Your task ->
All the data below goes into the copy word for word, but the pictures don't.

Input data ->
▬▬▬▬▬▬▬▬▬▬
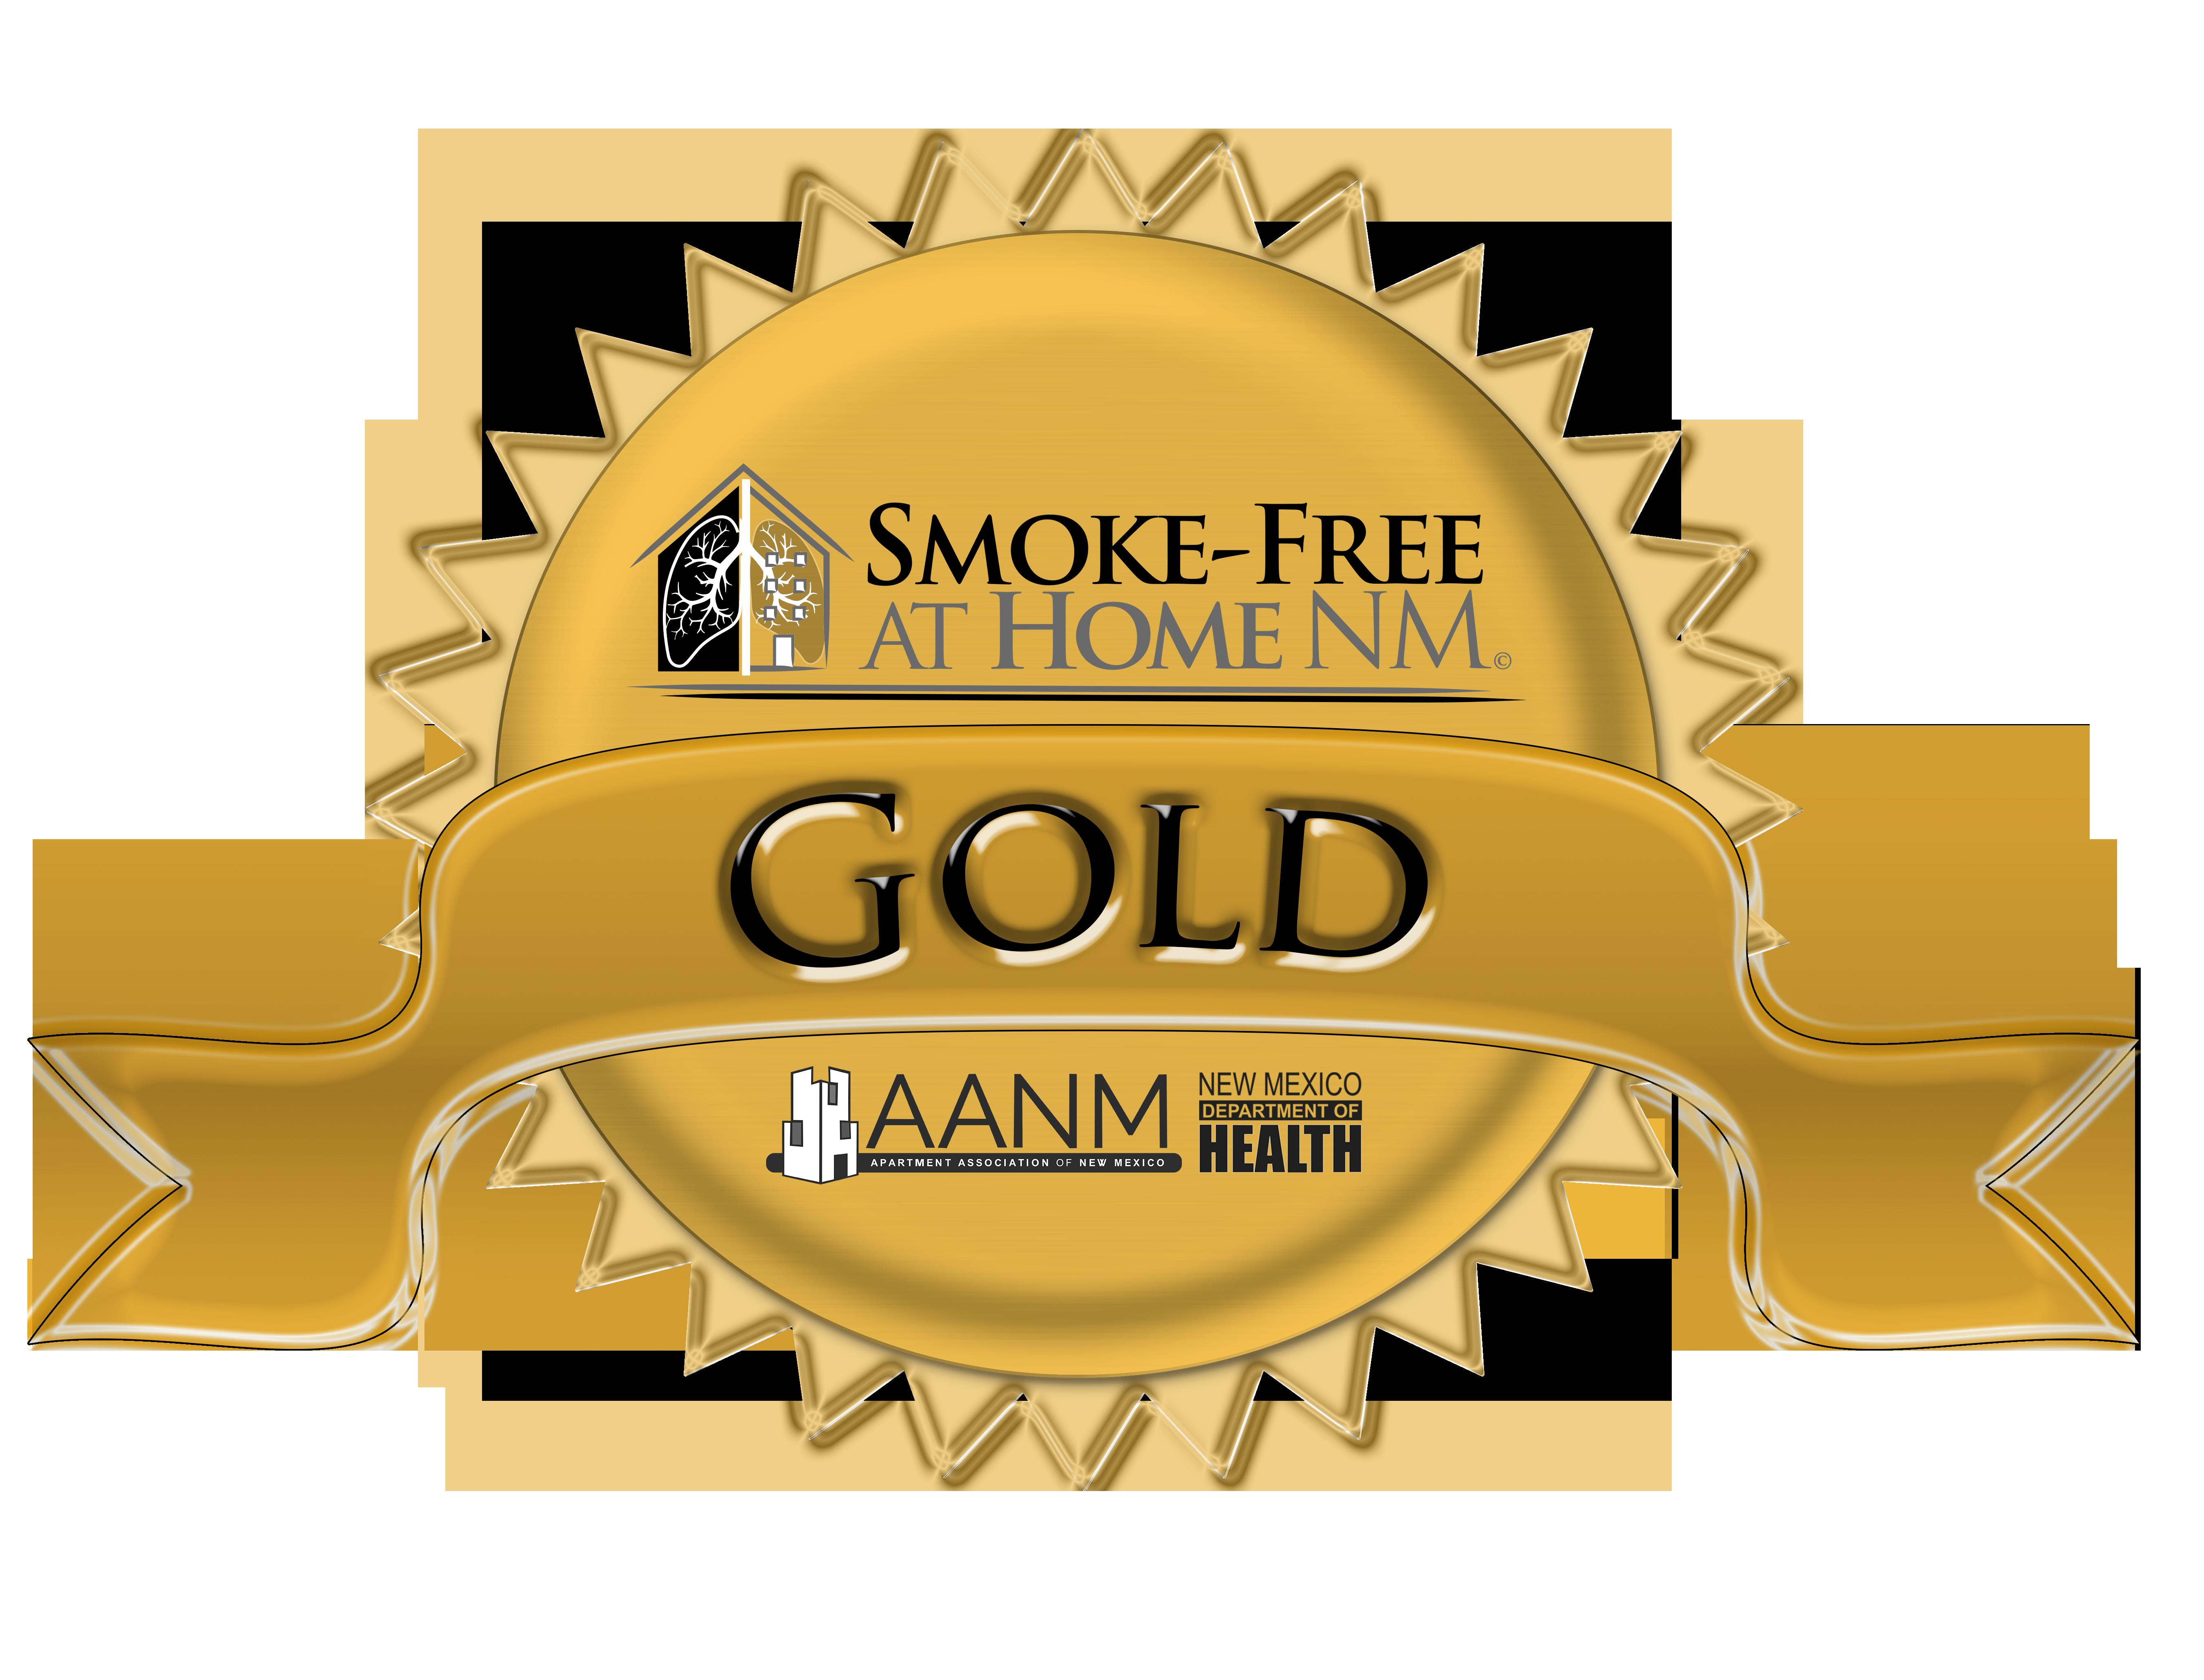 smoke-free gold award
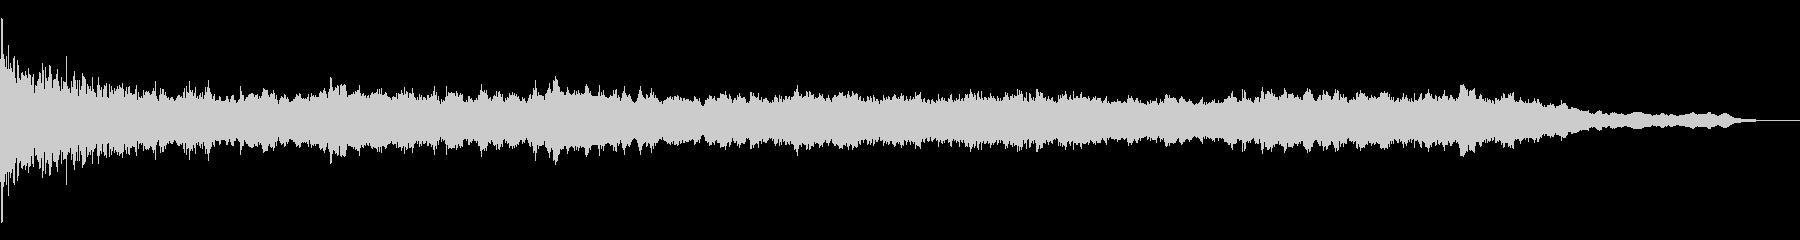 スペーストレックの未再生の波形
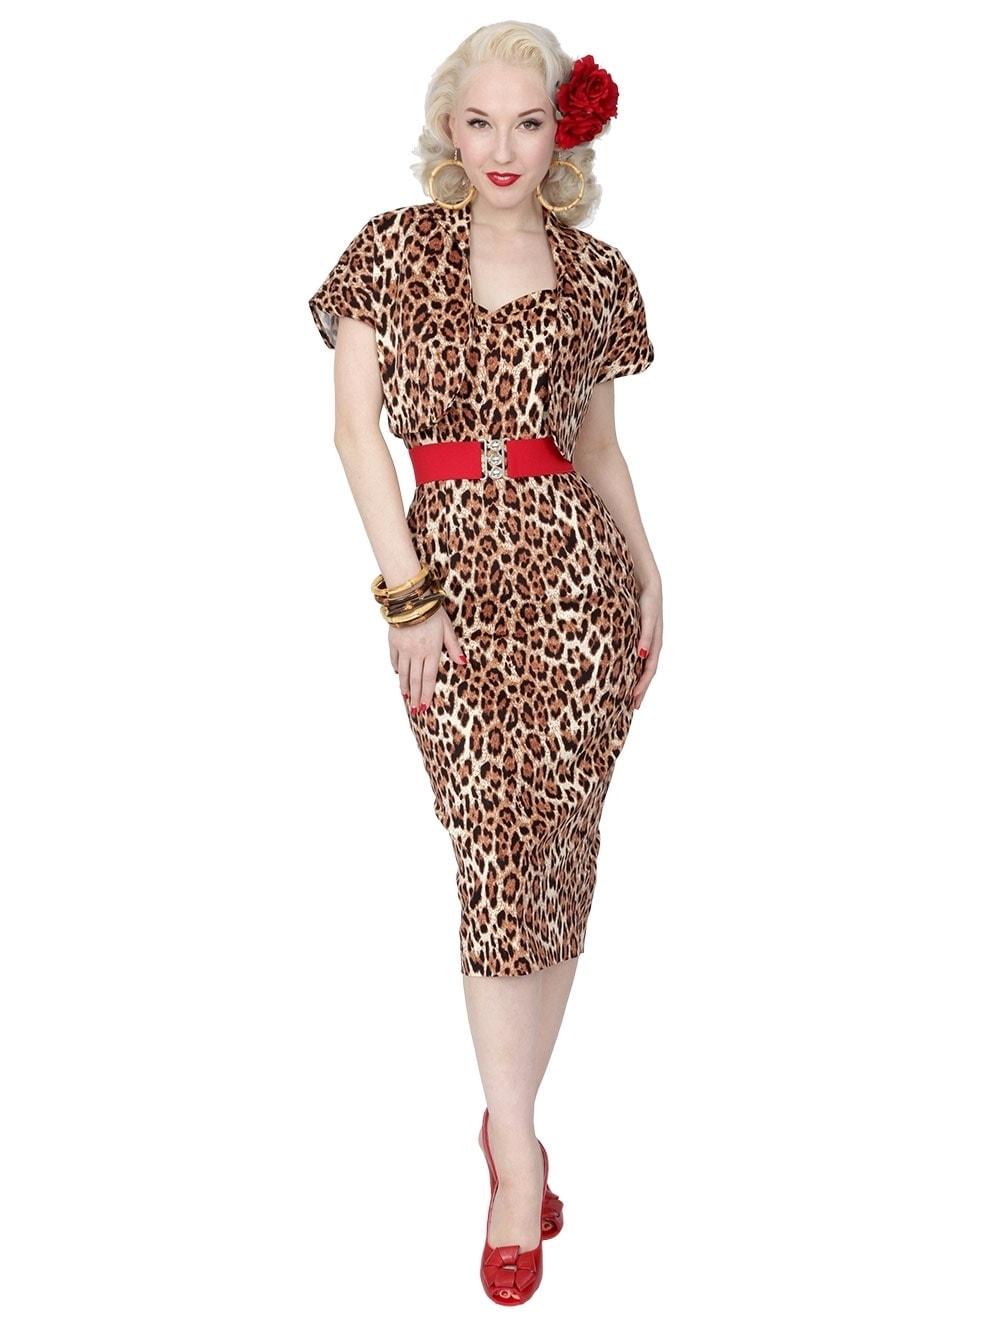 0d8c25653292 50s-1950s-Vivien-of-Holloway-Best-Vintage-Reproduction-
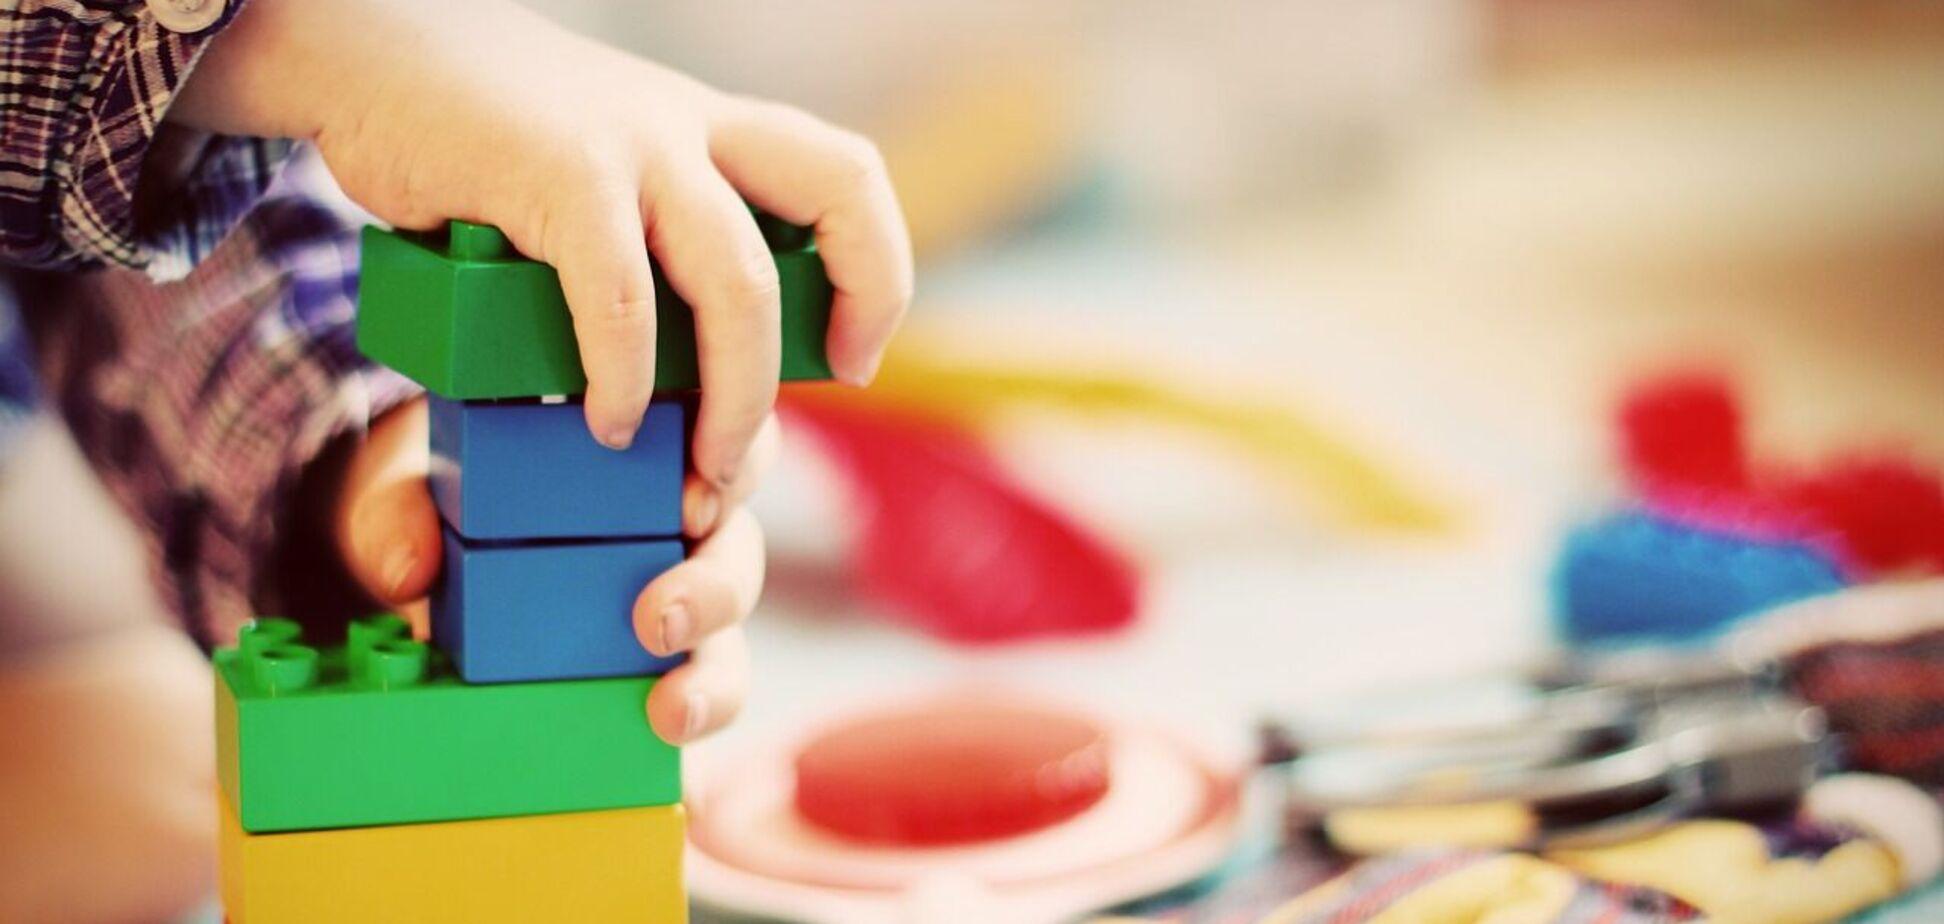 У дитячих іграшках виявили шкідливі речовини, які можуть викликати рак
▬▬▬▬▬▬▬▬▬▬
Output ->
 smoke-free gold award
 スペーストレックの未再生の波形
 0d8c25653292 50s-1950s-Vivien-of-Holloway-Best-Vintage-Reproduction-
 У дитячих іграшках виявили шкідливі речовини, які можуть викликати рак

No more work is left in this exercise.